一般市民に残された役割も決して小さくない。第一に、防災としての備えである。水、食料、衛生用品、常備薬、ライト、電池、ラジオ、紙資料などの備蓄は、恐怖のためではなく冷静さのために行うべきである。第二に、知的防衛である。危機時には偽情報、憎悪扇動、陰謀論、極端な報復論が広がりやすい。怒りや恐怖を刺激する情報ほど慎重に扱い、出典確認と比較検討を行う姿勢が必要である。第三に、社会的成熟である。地域との協力、秩序維持、弱者支援、冷静な世論形成は、国家安全保障の土台そのものである。

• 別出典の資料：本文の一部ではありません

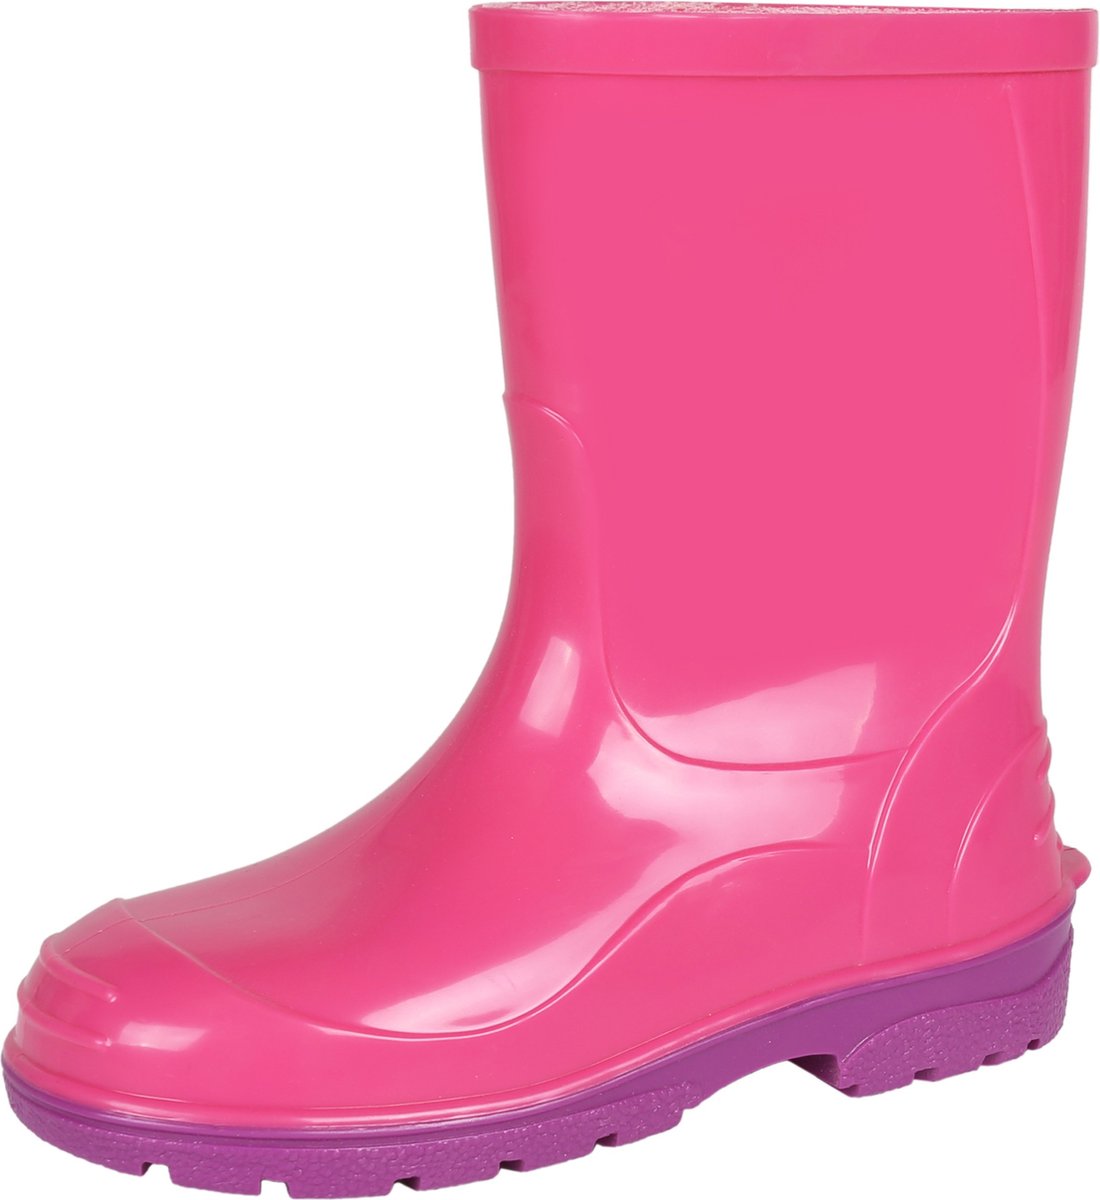 Roze laarzen met paarse zool - Ola LEMIGO / 22

結局のところ、全面核戦争とは「兵器の問題」である以前に、「社会の脆弱性の問題」である。壊れやすい社会、分断された社会、備えのない社会、煽動に弱い社会ほど、危機に対して脆い。逆に、情報リテラシーが高く、地域共同体が機能し、備蓄文化があり、外交を支持する成熟した社会は、危機そのものを遠ざける力を持つ。核兵器を完全に個人が止めることはできない。しかし、核時代を生き延びやすい社会を作ることはできる。

最終的な総括は明確である。全面核戦争に勝者はいない。ゆえに最善策は起こさないことであり、その次善策は起きても被害を減らせる社会を作ることである。そしてその両方に、市民一人ひとりの行動が確実に関与している。恐怖や無関心ではなく、備え、知性、対話、協力こそが、核時代における現実的な防衛なのである。